See OTU / denoising pipeline for discussion of how to prepare reads before clustering. It is strongly recommended that you follow the pipeline recommentations, otherwise the accuracy of the OTUs will probably be compromised.

Input sequence labels must have size annotations giving the abundance of the unique sequence. Size annotations are generated by the -sizeout option of clustering commands; typically fastx_uniques is used.

The -minsize option  can be used to specify a minimum abundance. Default value is 2, which discards singleton unique sequences.

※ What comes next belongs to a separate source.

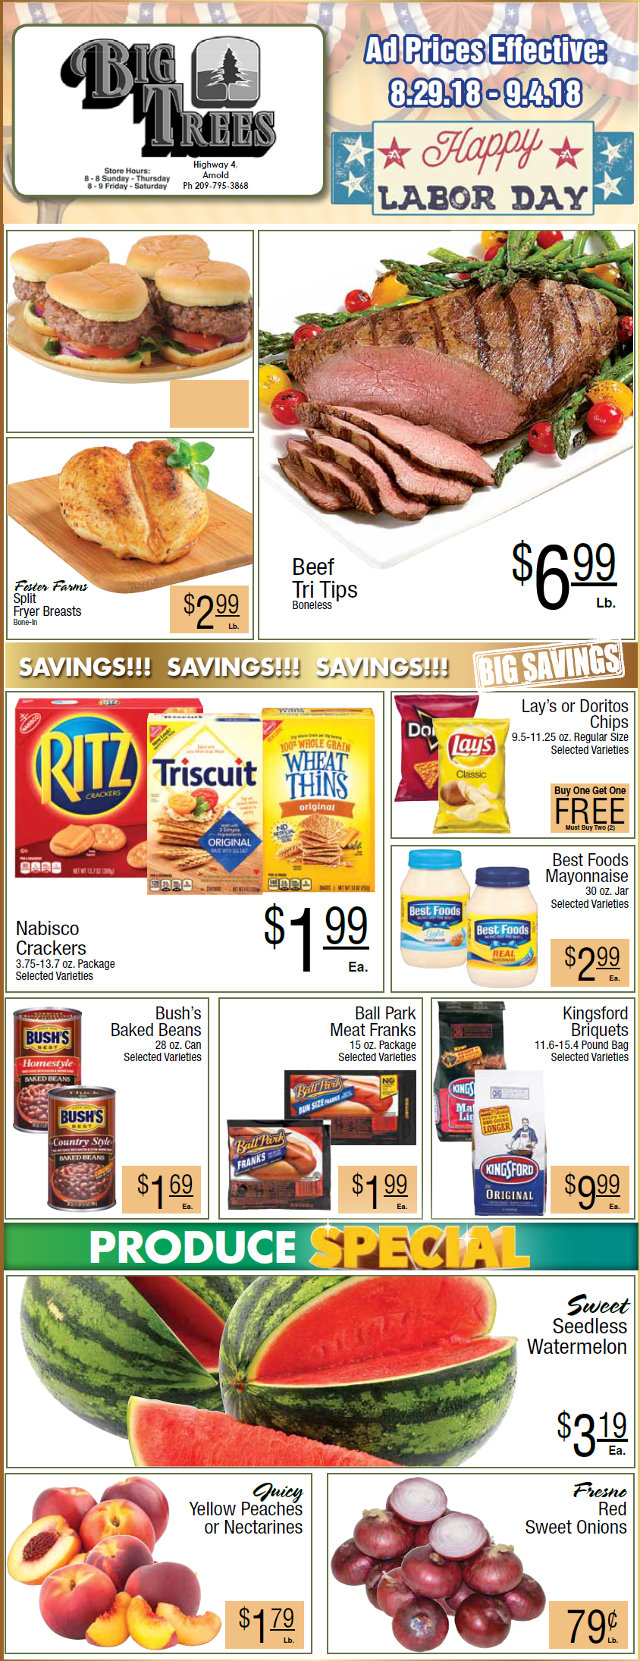 Big Trees Market Weekly Ad & Grocery Specials Through September 4th

The identity threshold is fixed at 97%. See defining and intepreting OTUs for discussion. See UPARSE OTU radius for making OTUs at different identities.

The -otus option specifies a FASTA output file for the OTU representative sequences. By default, OTUs labels are taken from the input file, with size annotations stripped.

The -relabel option specifies a string that is used to re-label OTUs. If -relabel xxx is specified, then the labels are xxx followed by 1, 2 ... up to the number of OTUs. OTU identifiers in the labels is required for making an OTU table with the otutab command.

The -uparseout option specifies a tabbed text output file documenting how the input sequences were classified.

The -uparsealnout option species a text file containing a human-readable alignment of each query sequence to its UPARSE-REF model.

Parsimony score options are supported.

Alignment parameters and heuristics are supported.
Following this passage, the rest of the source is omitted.